22:38:43 WARNING: MergeAsName does not contain an [ID] or other macro.  This cou
ld lead to invalid JSON through duplicate keys in merged children!
22:38:43 Found expected organization in the "Orders" object.
22:38:43 Found expected organization in the "Products" object.
22:38:45 Completed OK.  Moved 2155 children and found 0 orphans.
22:38:45 WARNING: MergeAsName does not contain an [ID] or other macro.  This cou
ld lead to invalid JSON through duplicate keys in merged children!
22:38:46 Found expected organization in the "Orders" object.
22:38:46 Found expected organization in the "Suppliers" object.
22:38:48 Completed OK.  Moved 2155 children and found 0 orphans.
22:38:48 WARNING: MergeAsName does not contain an [ID] or other macro.  This cou
ld lead to invalid JSON through duplicate keys in merged children!
22:38:50 Found expected organization in the "Orders" object.
22:38:50 Found expected organization in the "Categories" object.
22:38:52 Completed OK.  Moved 2155 children and found 0 orphans.
22:38:53 Found expected organization in the "Orders" object.
22:38:55 Completed OK.  Moved 11620 children and found 0 orphans.
22:38:57 Completed OK.  Deleted 1 nodes.
22:38:59 Completed OK.  Deleted 9130 nodes.
22:39:01 Completed OK.  Deleted 6640 nodes.
22:39:02 Completed OK.  Deleted 43930 nodes.
22:39:03 Completed OK.  Deleted 4980 nodes.
22:39:08 Completed OK.  Did 39140 nodes.

This batch file and any of its commands can, of course, be modified to taste or to work with other datasets.

Importing Into Cassandra

If you simply run Cassandra’s JSON2SStable command you’ll see some short usage information.
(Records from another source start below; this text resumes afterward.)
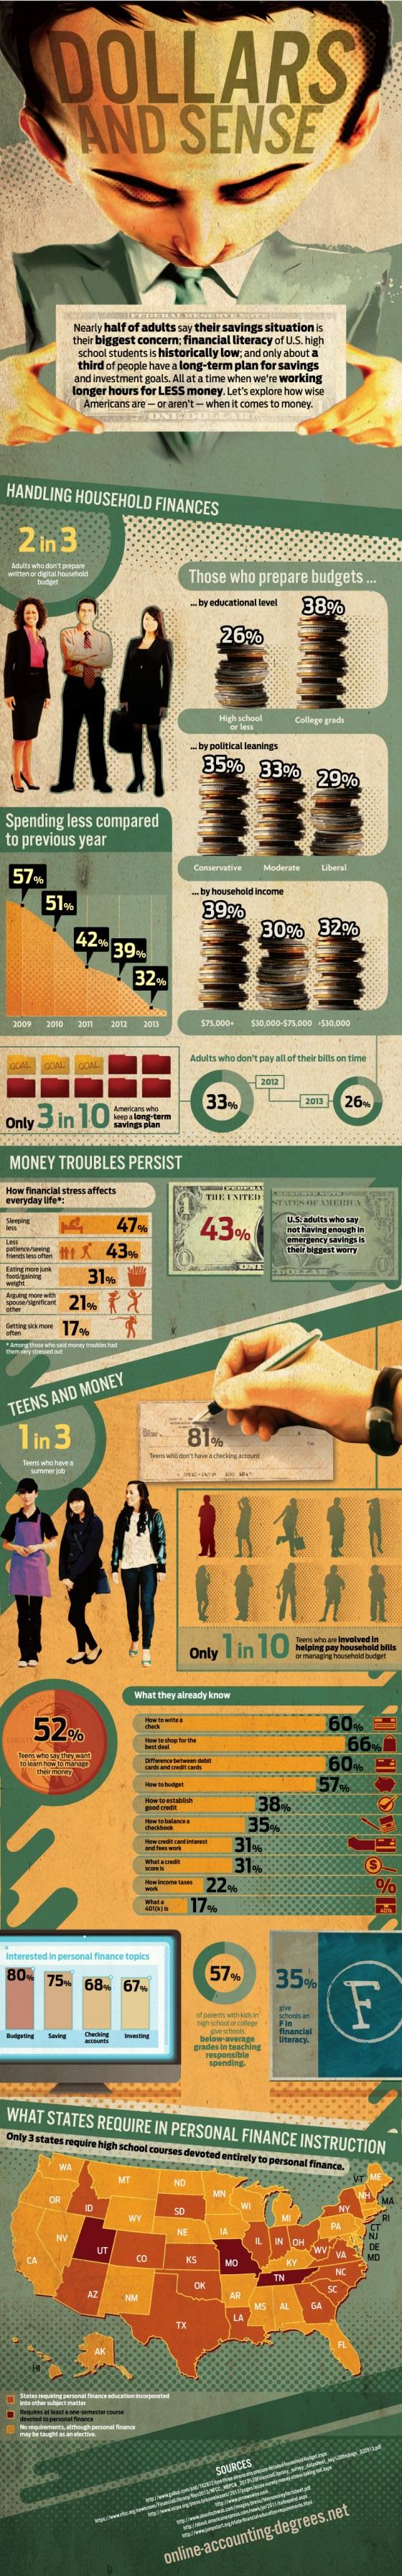 Infographic:Dollars and Sense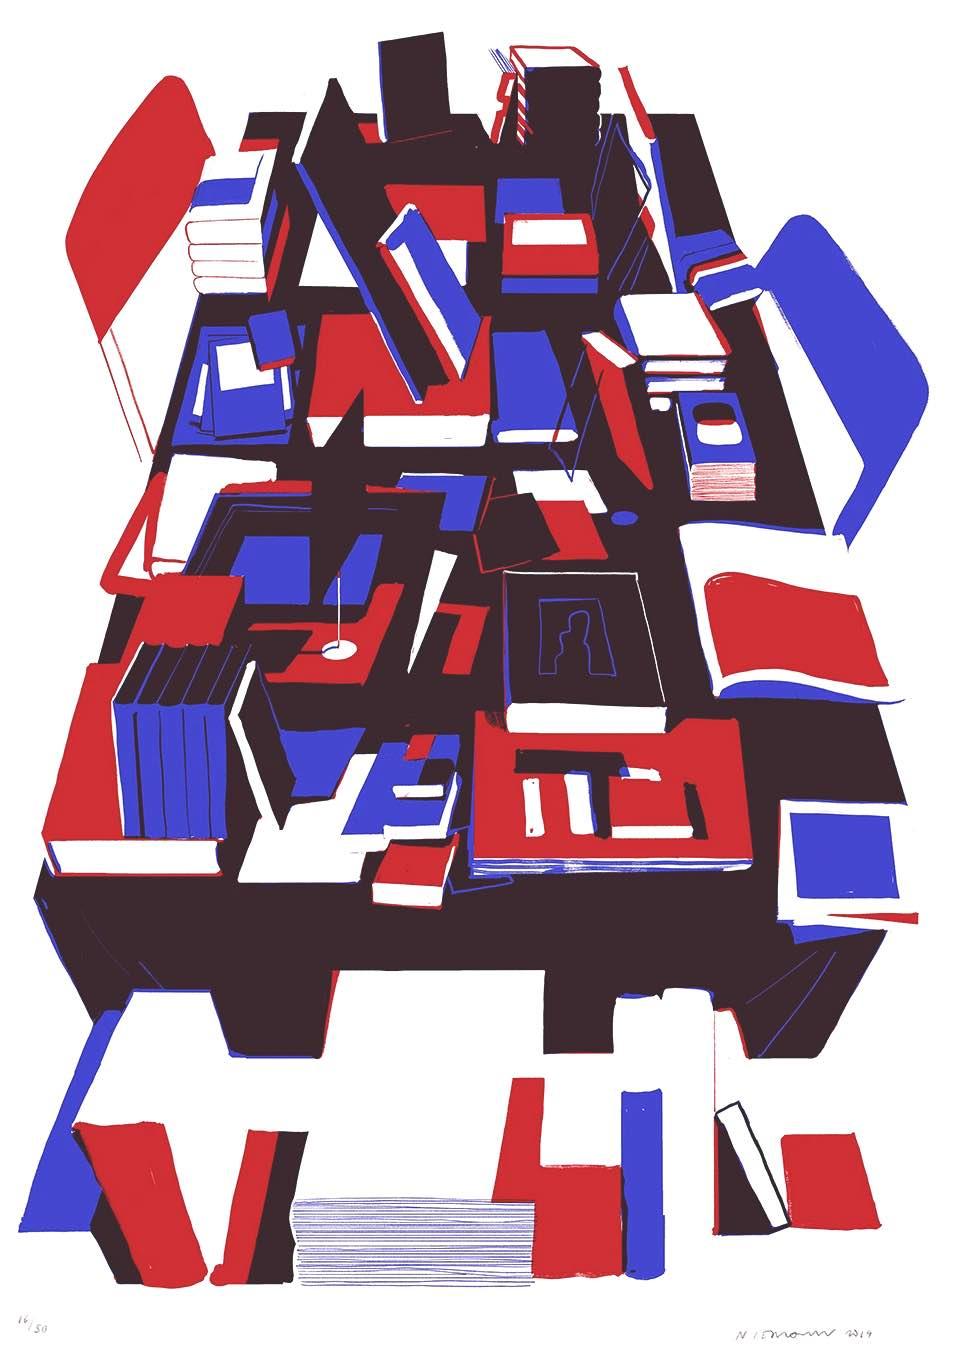 Christoph Niemann art, books on a table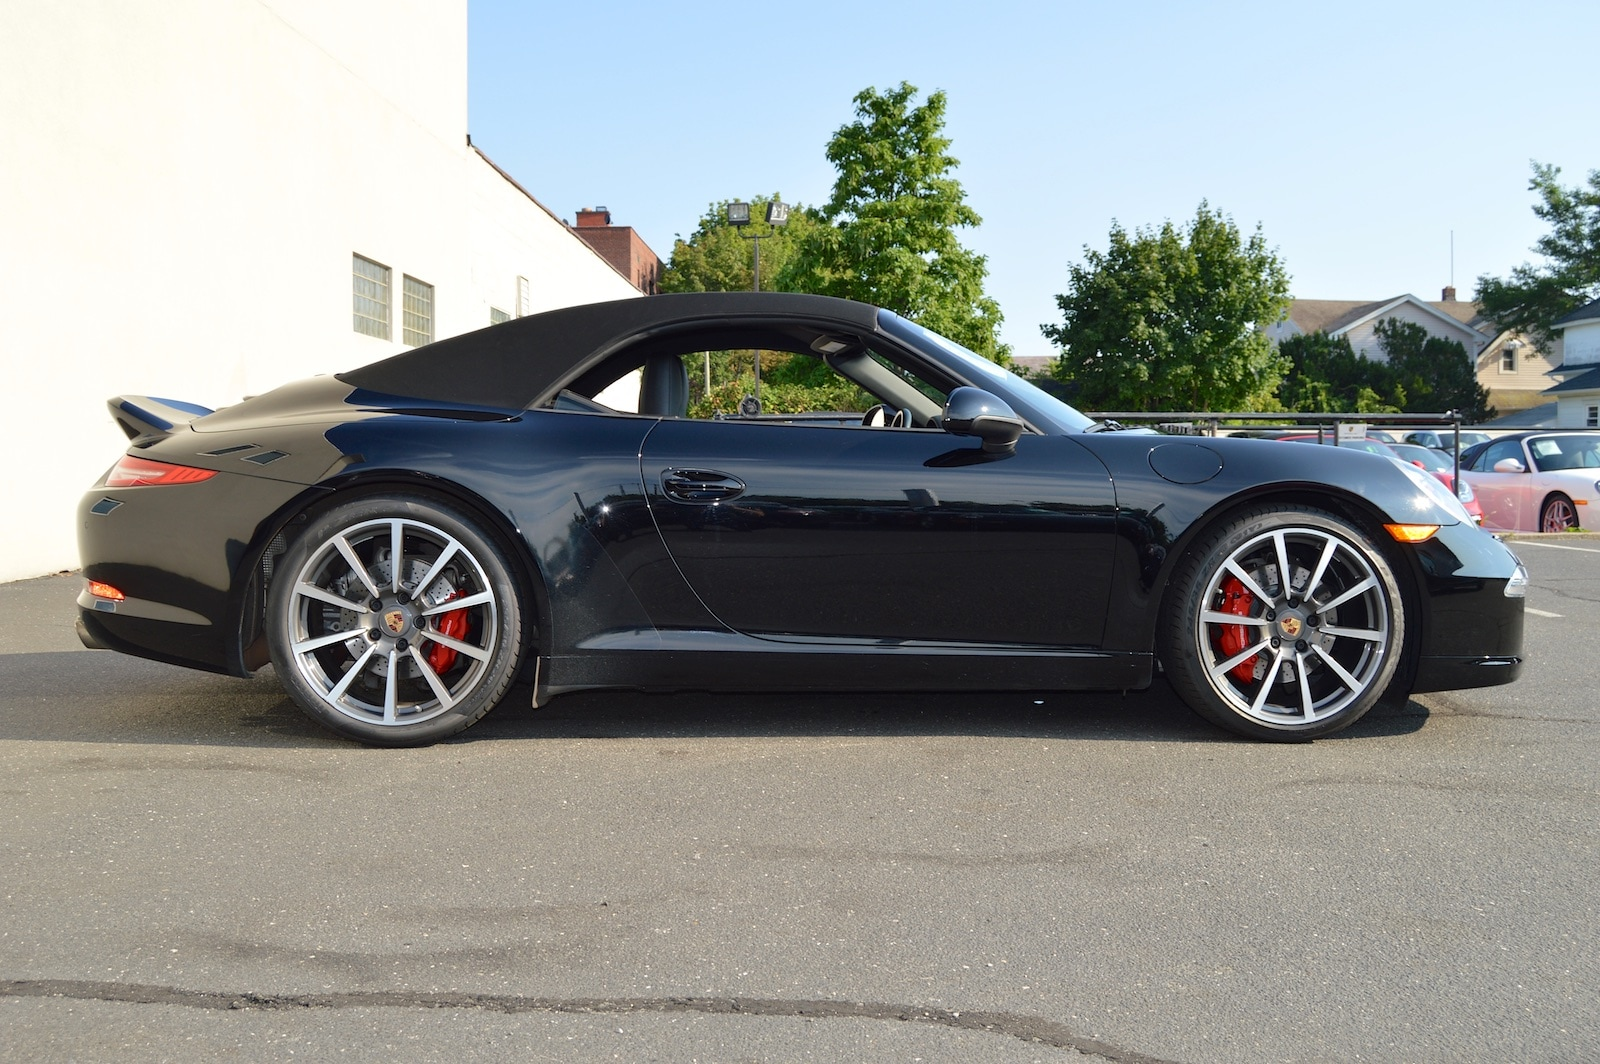 used 2013 porsche 911 carrera s cabriolet for sale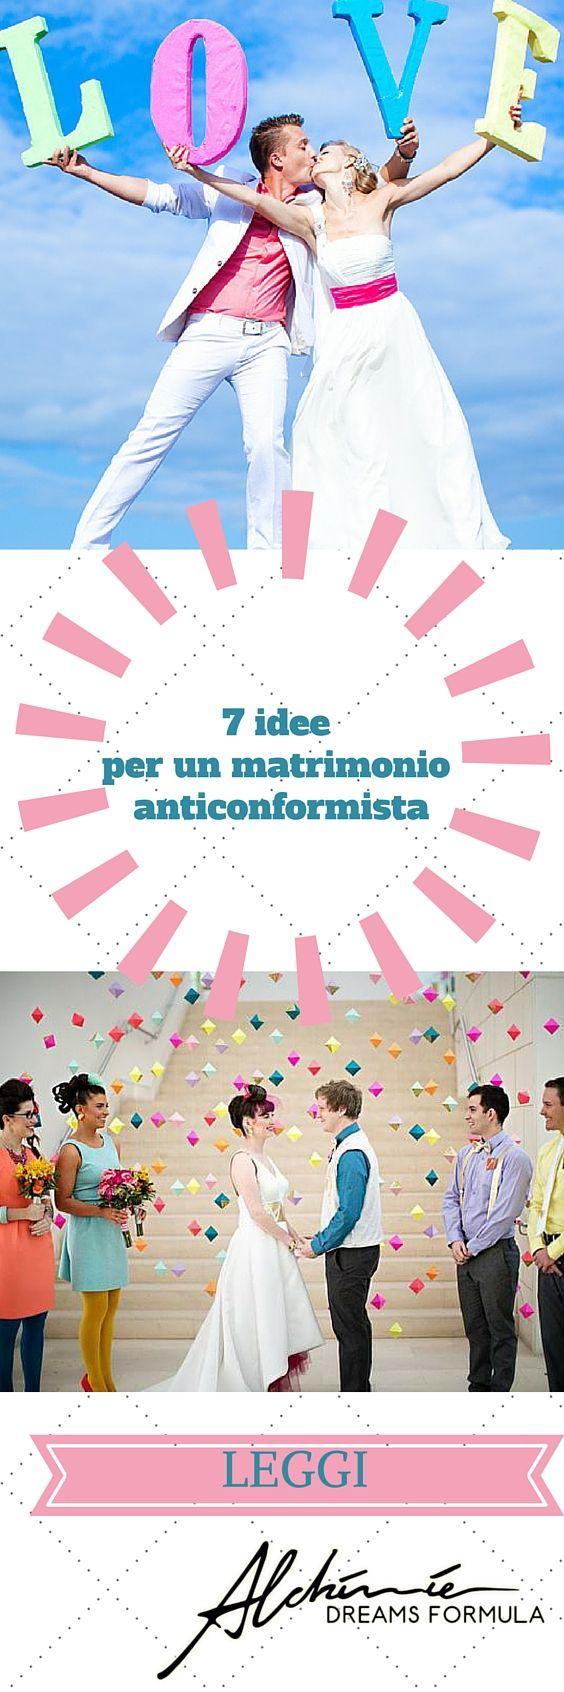 Idee pazze per un matrimonio anticonformista -  Crazy ideas for unconventional wedding

C:\work\apache-cassandra-0.6.3>bin\json2sstable.bat
Missing required options: Kc
Usage: org.apache.cassandra.tools.SSTableImport -K keyspace -c column_family <j
on> <sstable>

…but please use the following procedure to properly import your JSON dataset.

First, shut down your Cassandra client and server (if started).  Then do into your Cassandra folder and open up your “conf\storage-conf.xml” file.  Add the following entry to this file and save.  (You can substitute your own name for “NorthwindOne” as long as you use it consistently below.)

<Keyspace Name="NorthwindOne">
  <ColumnFamily Name="Orders"
     CompareWith="UTF8Type"
     ColumnType="Super" CompareSubcolumnsWith="UTF8Type"
     />
   <ReplicaPlacementStrategy>org.apache.cassandra.locator.RackUnawareStrategy</ReplicaPlacementStrategy>
   <ReplicationFactor>1</ReplicationFactor>
   <EndPointSnitch>org.apache.cassandra.locator.EndPointSnitch</EndPointSnitch>
</Keyspace>

Once you’ve saved this file, start the Cassandra server again.  If your configuration changes were accepted, this will create a new, empty directory in your Cassandra server’s folder store.

You should also fire up the Cassandra client to check that your new datastore is live.

C:\work\apache-cassandra-0.6.3>bin\cassandra-cli --host localhost
Starting Cassandra Client
Connected to: "Test Cluster" on localhost/9160
Welcome to cassandra CLI.

Type 'help' or '?' for help. Type 'quit' or 'exit' to quit.
cassandra> show keyspaces;
NorthwindOne
Keyspace1
system

Now, stop the Cassandra server again and shut down the Cassandra client again.  (The Cassandra client doesn’t respond well to the server going up and down.)

To properly invoke the JSON2SStable utility, use the following syntax, substituting the appropriate values and paths as necessary.

In the example below, “NorthwindOne” is the name of our keystore and must match the value we saved into the “conf\storage-conf.xml” file above.  “Orders” is the name of the new column family we will be creating and inserting our native-formatted JSON into.  The path to the “JSONout13.txt” file is, of course, the file we’re importing.  Finally, the path to the “Orders-1-Data.db” file indicates which Cassandra data file we will create.  Note that this file does not yet exist, but the rest of the path (the folder structure) must already be in place.

C:\work\apache-cassandra-0.6.3>bin\json2sstable.bat -K NorthwindOne -c Orders C
\divconq\dotnet\JSONout13.txt C:\var\lib\cassandra\data\NorthwindOne\Orders-1-D
ata.db

If this works correctly, it will take a few seconds to silently import the data and will then silently return you to the command prompt.  If you see any other output from this command, you encountered an error.

Another way to quickly confirm that data was imported successfully is to eyeball the Cassandra data directory.  This should now contain three new files: Order-1-Data.db, Order-1-Filter.db and Order-1-Index.db.

If you see entries like this, go ahead and fire up your Cassandra server and client again.

Working With Your Imported Data

Finally, it’s time to view the live data on the live Cassandra server. Try these commands first.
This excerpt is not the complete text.